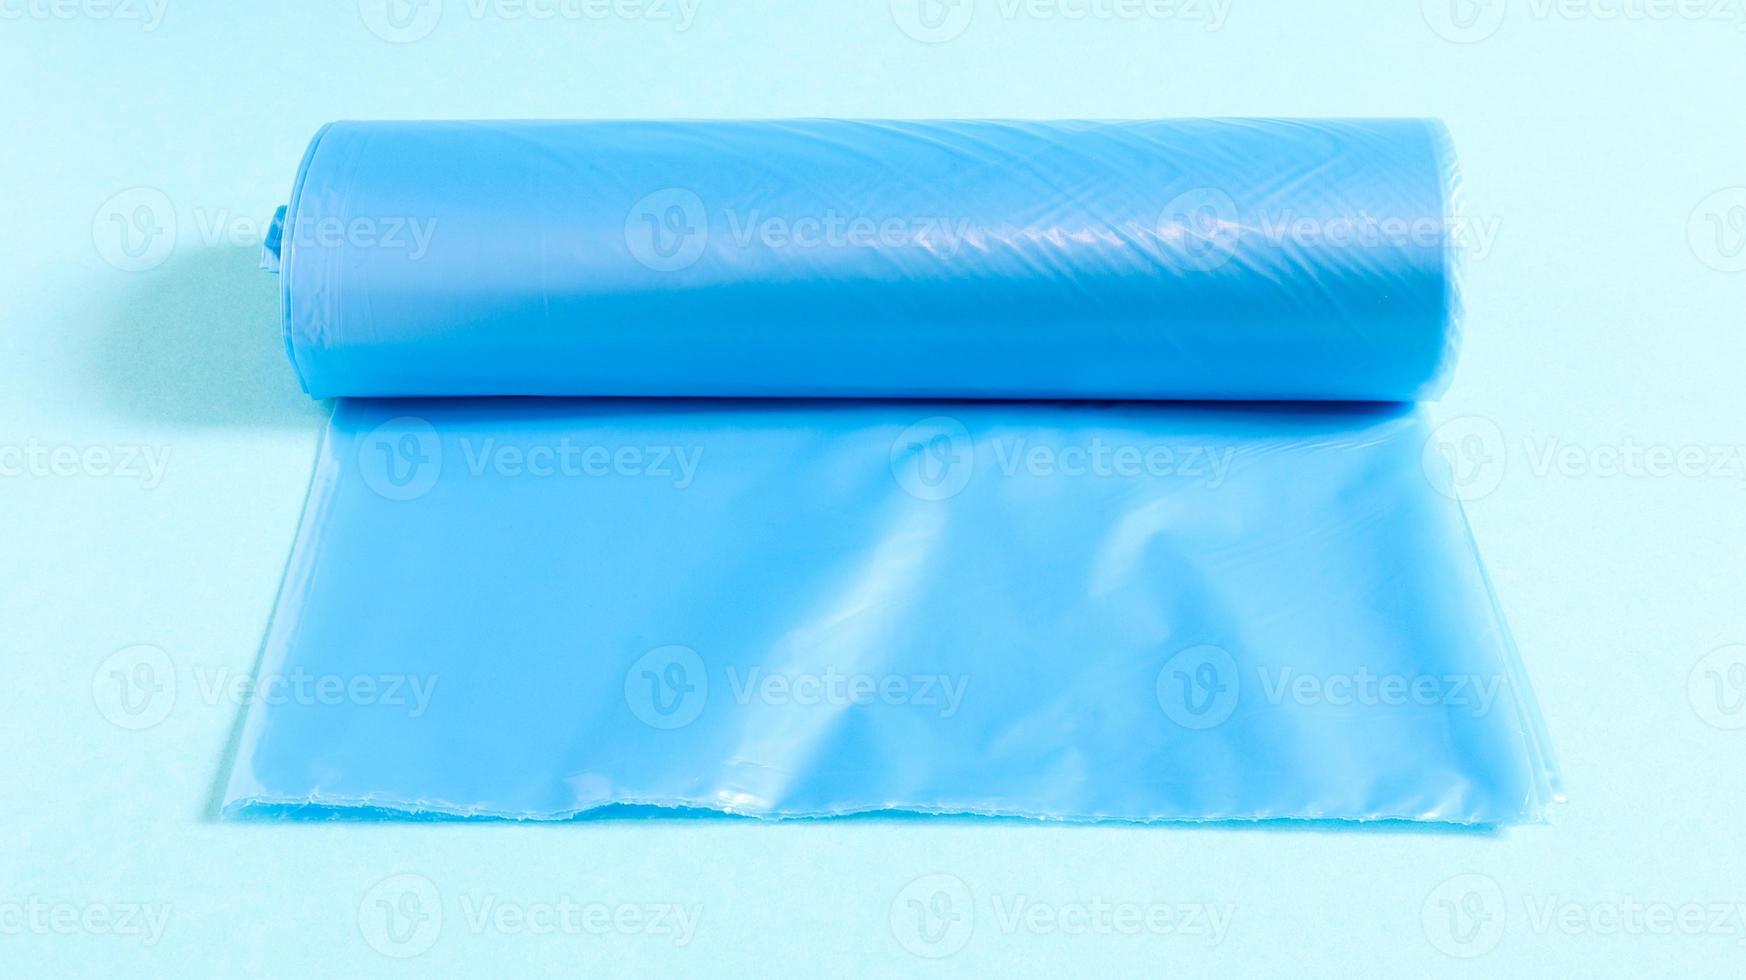 un rotolo di sacchi della spazzatura di plastica in blu su sfondo blu. sacchi progettati per accogliere la spazzatura al loro interno e utilizzati a casa e collocati in vari contenitori della spazzatura. foto
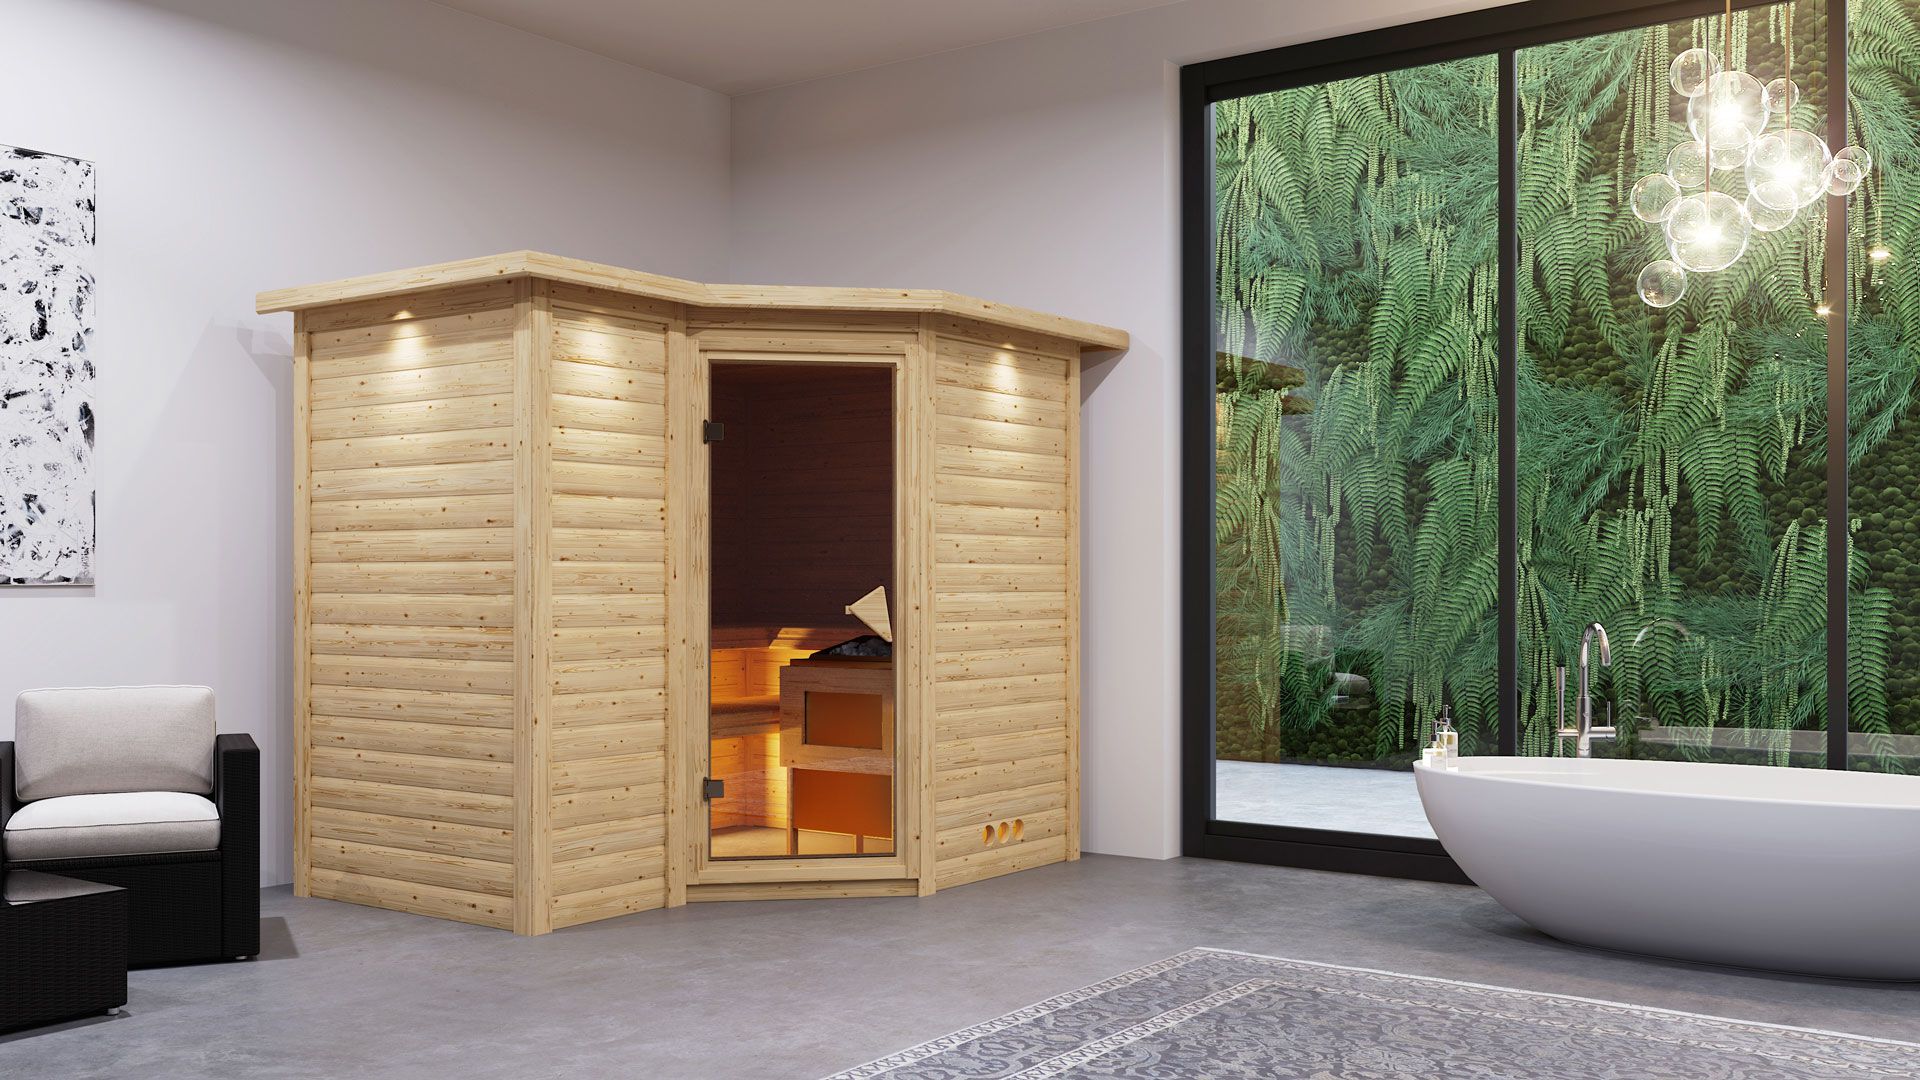 Sauna "Tjara 2" SET mit bronzierter Tür und Kranz - Farbe: Natur, Ofen externe Steuerung easy 9 kW Edelstahl - 264 x 198 x 212 cm (B x T x H)
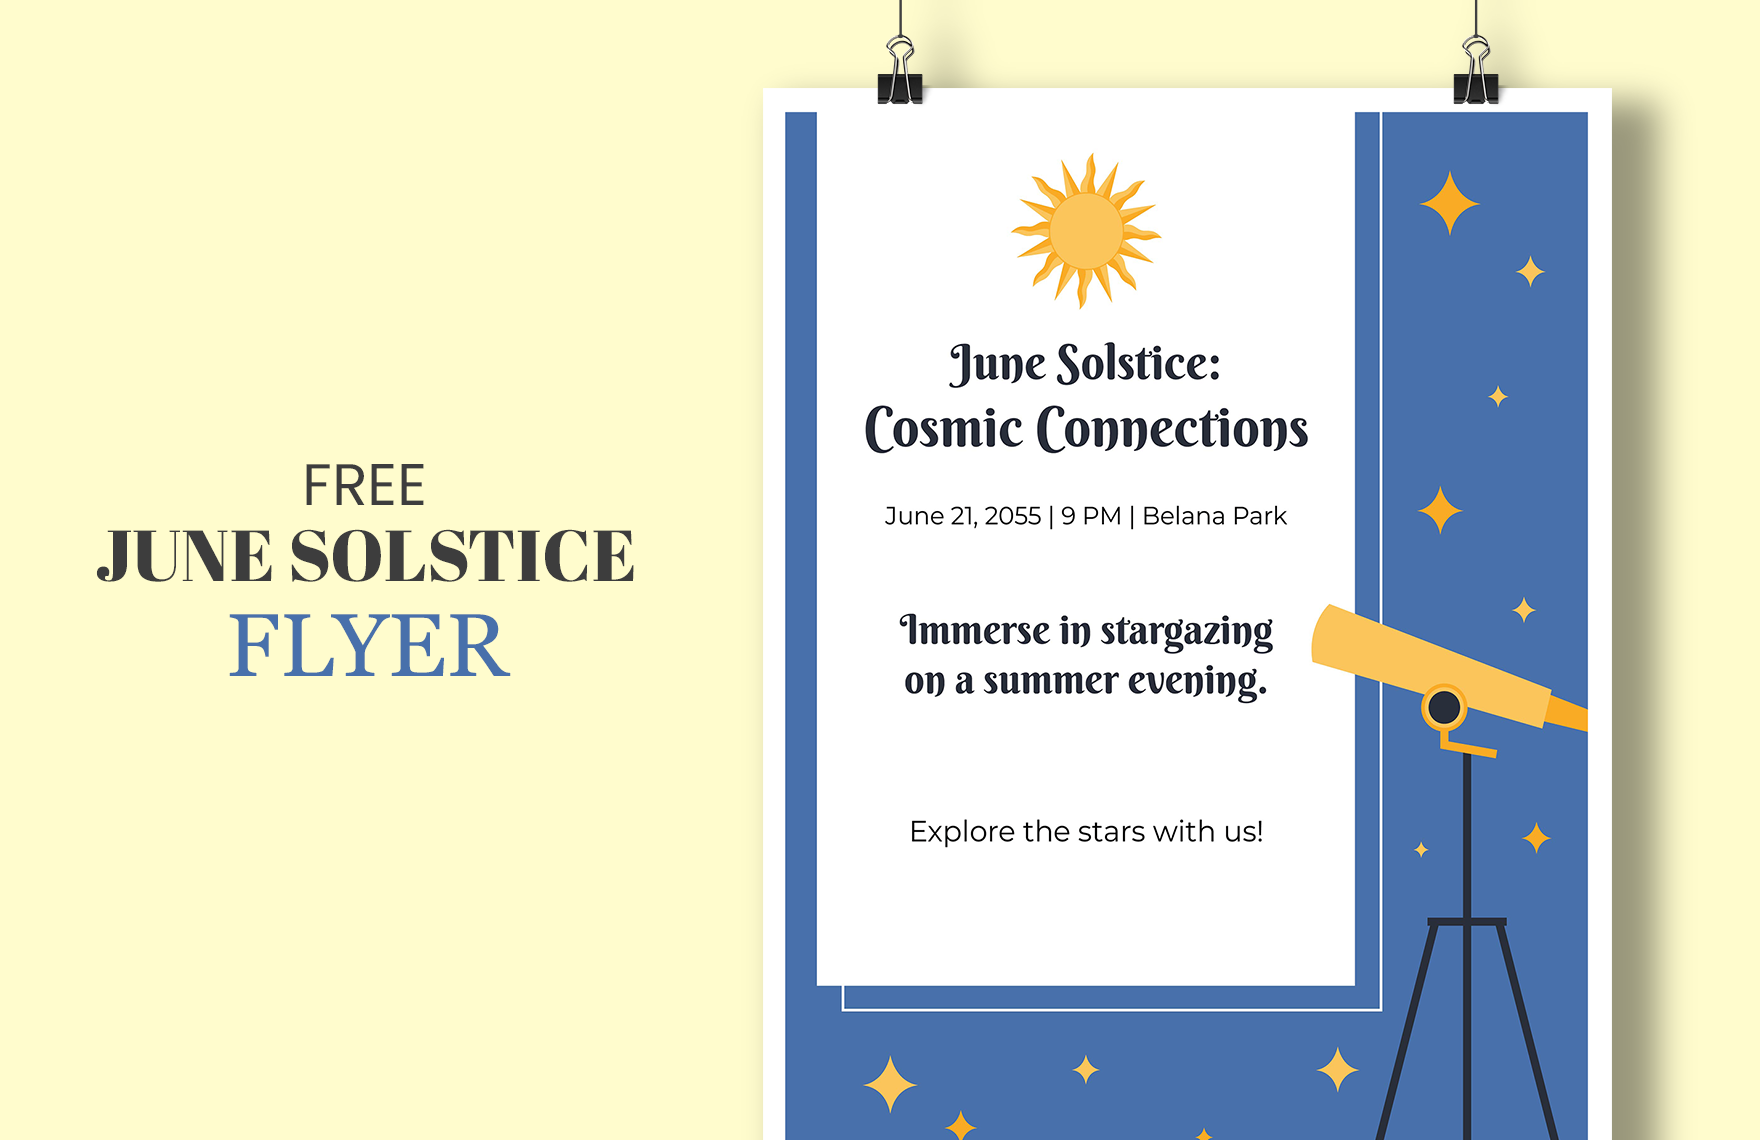 June Solstice Flyer

> Problem to solve
The answer must be the data above, repeated exactly, with no pictures.

> Worked solution
 un rotolo di sacchi della spazzatura di plastica in blu su sfondo blu. sacchi progettati per accogliere la spazzatura al loro interno e utilizzati a casa e collocati in vari contenitori della spazzatura. foto
 Sauna "Tjara 2" SET mit bronzierter Tür und Kranz - Farbe: Natur, Ofen externe Steuerung easy 9 kW Edelstahl - 264 x 198 x 212 cm (B x T x H)
 June Solstice Flyer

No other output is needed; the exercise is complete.